Additionally, Scotts Miracle-Gro has received cash proceeds worth $18.4 million related to the assignment to a third party of debt of the JV. The total proceeds of around $120-$140 million (after-tax basis) will be applied to reduce the company’s debt. As such, the company expects the proceeds to lower debt-to-EBITDA ratio below 4 by the end of fiscal 2019.
In 2016, Scotts Miracle-Gro’s fully-owned subsidiary — Scotts LawnService — entered into a joint venture (JV) deal with TruGreen. Private equity firm Clayton Dublier & Rice and TruGreen, as the co-investors, owned 70% of the JV while the rest was owned by Scotts Miracle-Gro.
Post formation of the JV, Scotts Miracle-Gro received roughly $200 million tax deferred dividend. The company received another tax-deferred dividend of around $90 million in 2017. Per the company, these payments were equal to the initial valuation placed on Scotts LawnService at the time of the establishment of the JV. The company believes that the shareholder value was maximized by the formation and divestiture of this JV.

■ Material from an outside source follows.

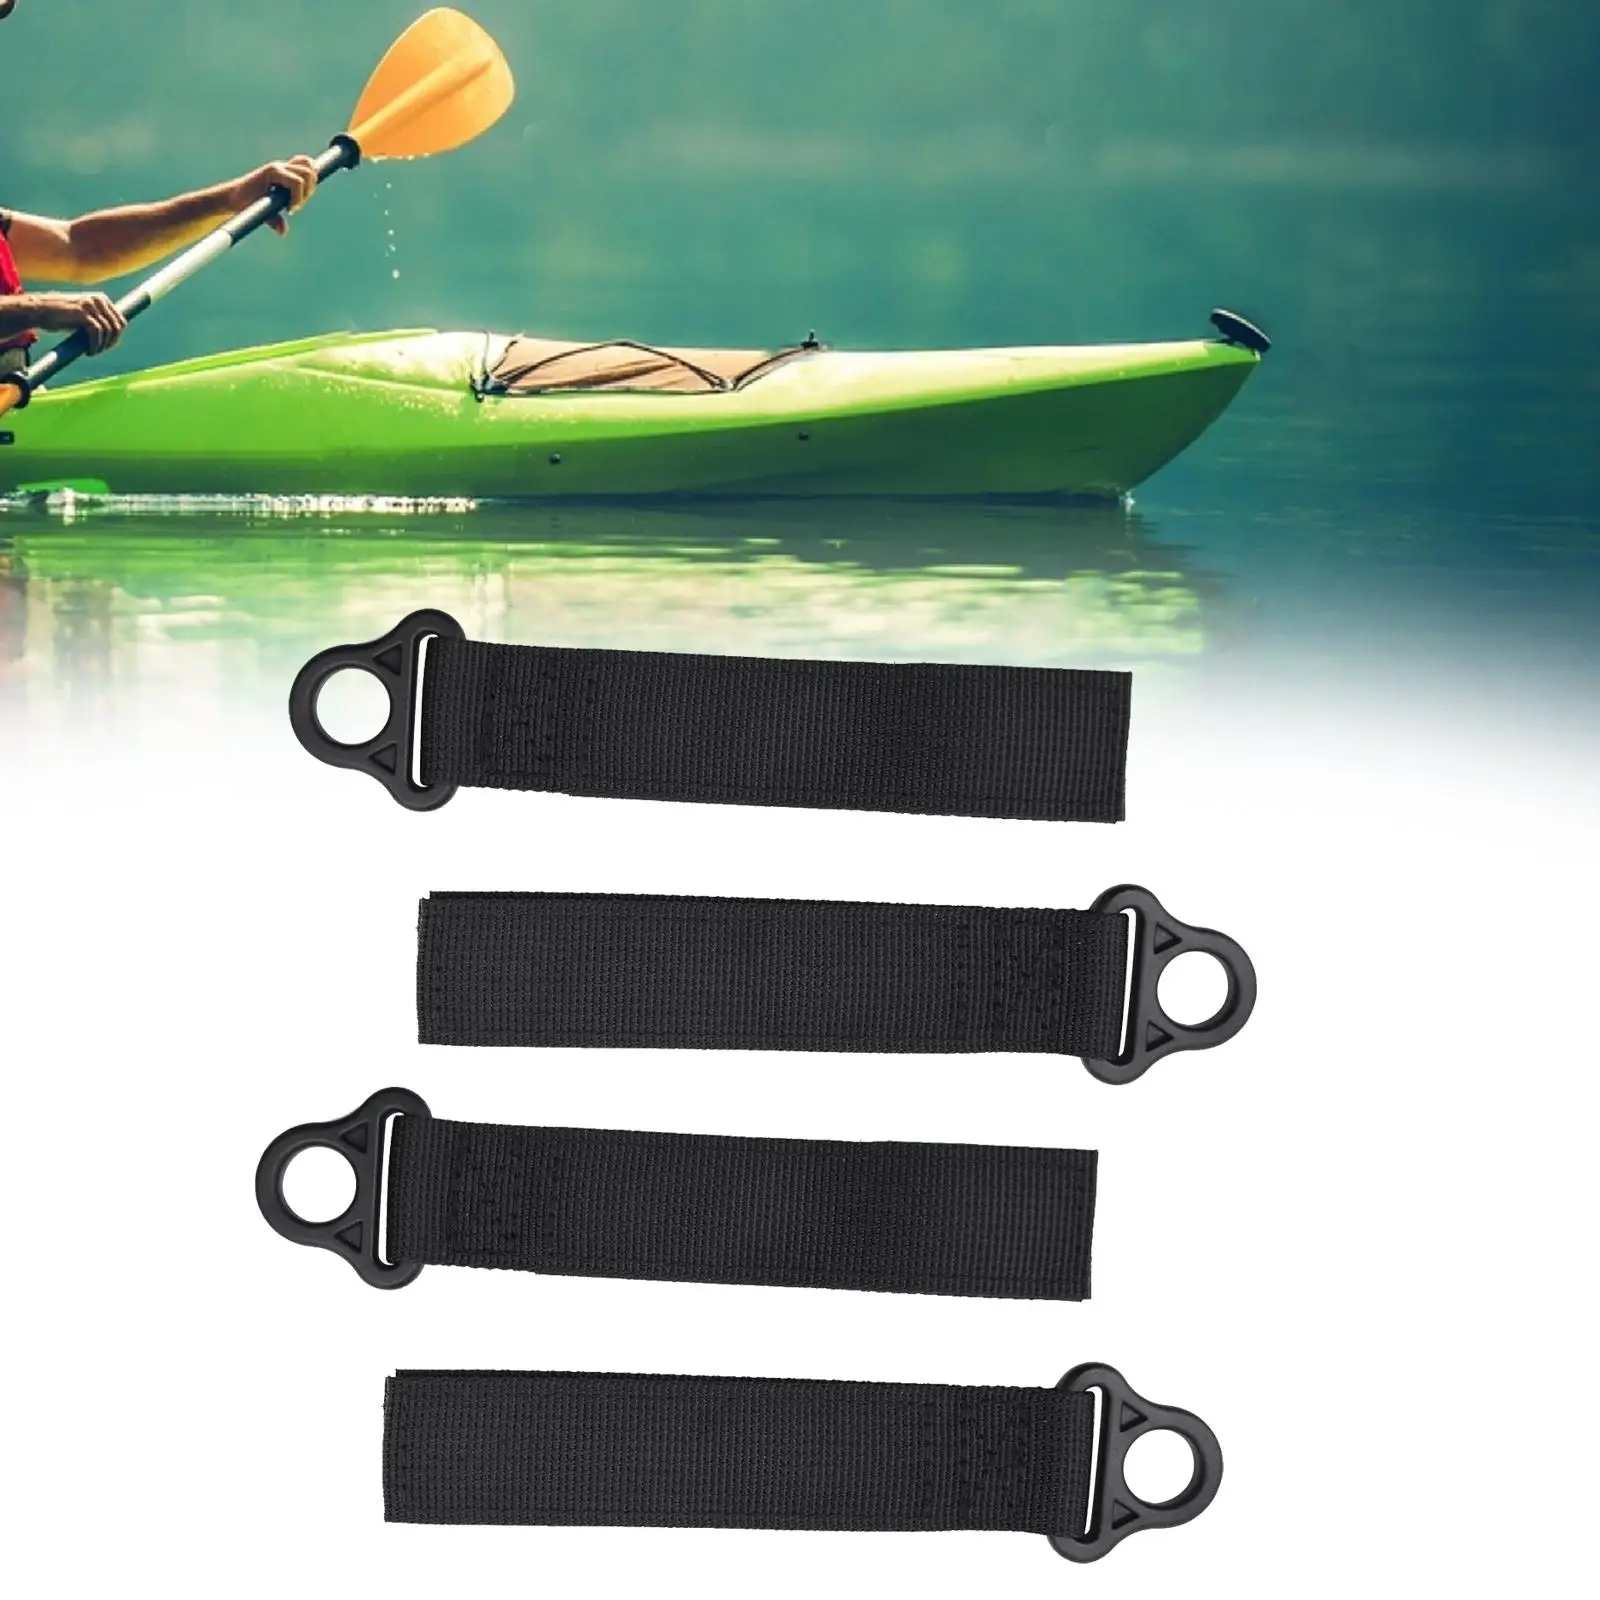 4 Pieces Paddle Board Accessories Dinghy Surfboard Watercraft Lightweight Durable Paddleboard Fishing Pole Kayak Paddle Keeper

Shares of Scotts Miracle-Gro have lost 11.1% in the past year, against the industry’s 5.1% rise.
Zacks Rank & Other Key Picks
Scotts Miracle-Gro currently carries a Zacks Rank #2 (Buy).
Kirkland has an expected earnings growth rate of 8.8% for 2019. The company’s shares have surged 114.9% in the past year.
Ingevity has an expected earnings growth rate of 17.9% for the current year. The company’s shares have rallied 37.3% in a year’s time.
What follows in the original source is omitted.